Konkret benötige ich folgende Buchstaben jeweils mit einem
^ ´ ` und ? darüber:

a, 
e, 
i, 
u, 
o, 
epsilon, 
umgedrehtes e, 
umgredehtes c, 
durchgestrichenenes u.

Wie kann ich das in Windows erreichen? Wie kann ich sowas schnell eingeben? Bislang muss ich mir irgendwelche Internetseiten suchen, die die o.g. Zeichenkombinationen enthalten und dann per Copy & Paste in mein Programm ziehen (d.h. diese Zeichenkombinationen sind in Windows darstellbar).


----------



## darkframe (7. August 2008)

Hi,

ich weiß ja nicht, welche Sprache das ist, aber kannst Du nicht eventuell über Systemsteuerung -> Ländereinstellungen -> Eingabe das Eingabegebietsschema für diese Sprache hinzufügen und bei Bedarf aktivieren?

Wenn das geht, müsstest Du nur noch bei Bedarf dieses Schema aktivieren und natürlich wissen, wie die Tastenbelegung dann ist.


----------



## hela (7. August 2008)

Hallo,
um welche Windows-Version geht es überhaupt?
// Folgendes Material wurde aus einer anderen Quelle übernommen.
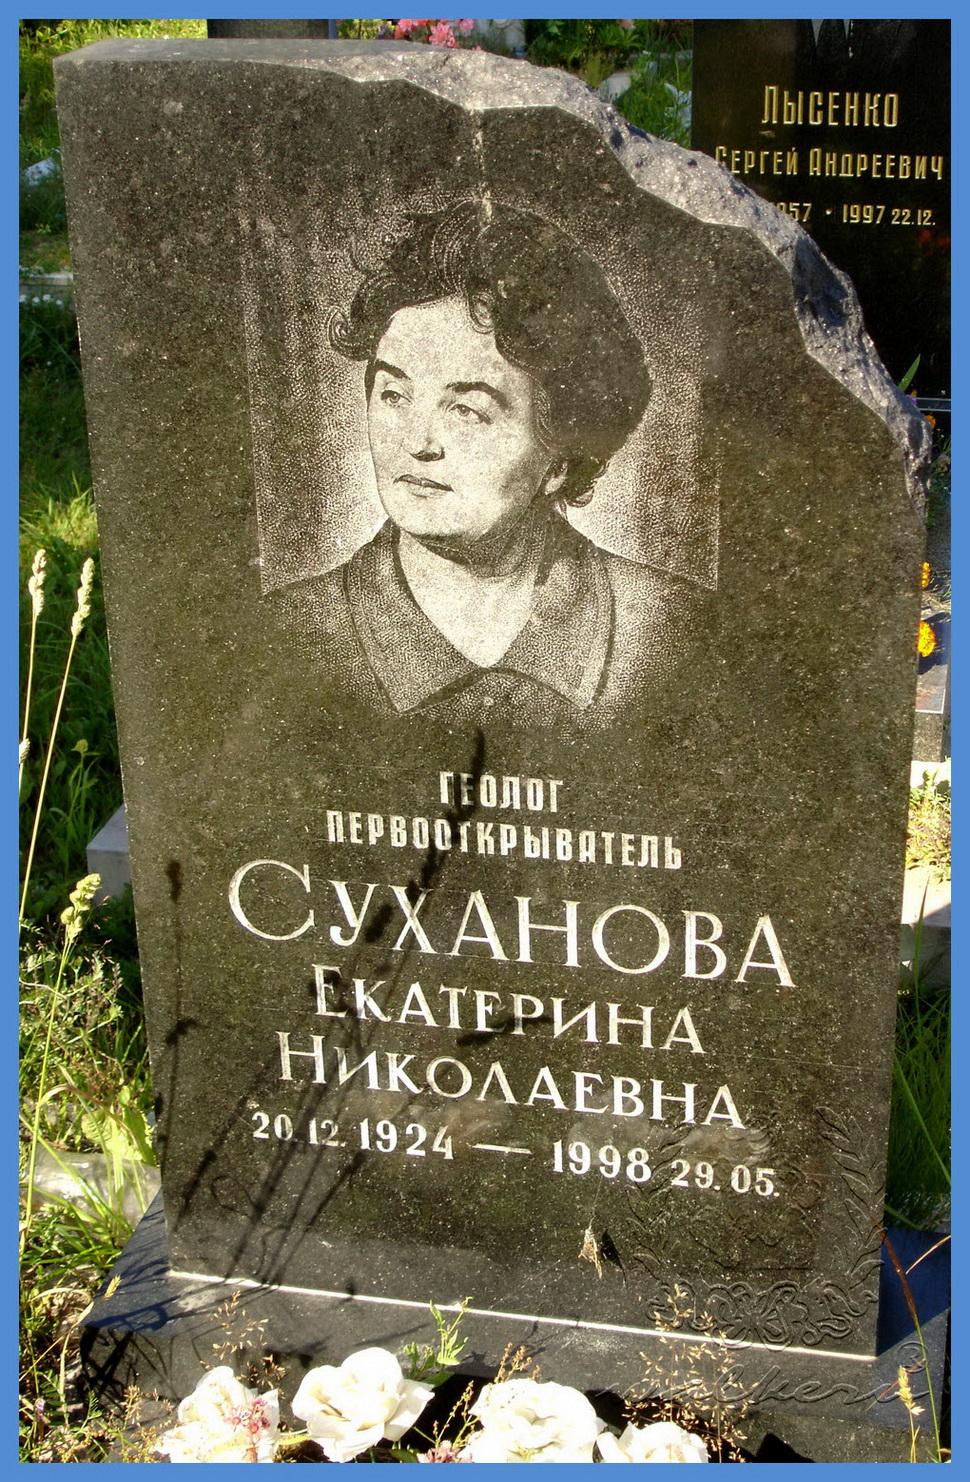 Суханова Екатерина Николаевна

Bei mir gibt unter WinXP-Prof die Windows-Hilfe folgendes zu diesem Thema aus:


> *So verfassen Sie ein Dokument mit mehreren Sprachen*
> Erstellen oder öffnen Sie ein Dokument.
> Klicken Sie im Infobereich auf das Sprachsymbol, das sich unmittelbar neben der Systemzeit befindet, und klicken Sie dann auf die gewünschte Sprache.
> Verfassen Sie das Dokument.
> ...





darkframe hat gesagt.:


> ... Wenn das geht, müsstest Du nur noch bei Bedarf dieses Schema aktivieren und natürlich wissen, wie die Tastenbelegung dann ist.


... und außerdem kannst du unter WinXP auch eine *Bildschirmtastatur* (bei mir zu finden unter: Start -> Programme -> Zubehör -> Eingabehilfen -> Bildschirmtastatur) installieren, falls sie in deinem Windows noch nicht verfügbar sein sollte.


----------



## cocoon (9. August 2008)

Nein, es geht nicht um die ausländischen Schriftzeichen (die kann ich problemlos eingeben), sondern um eine Transliteration der Wörter, d.h. wie man sie ausspricht, geschrieben in unseren Schriftzeichen. Da andere Sprachen andere Laute und andere Buchstaben/Zeichen verwenden, wird anfangs (wenn man die Zeichen noch nicht beherrscht) eine Transliteration benutzt, um Vokabeln zu lernen (statt ???? lernt man "Cháang", das heisst Elefant). Das Transliterationssystem meiner Sprachschule verwendet bestimmte Zeichen und Symbole, z.B. zwei umgedrehte c (als ein Laut ähnlich einem langgezogenen "oh") und dadrüber ein Symbol, das den Ton angibt, z.B. ^ für steigend-dann-fallend, ´ für hoch oder ` für tief.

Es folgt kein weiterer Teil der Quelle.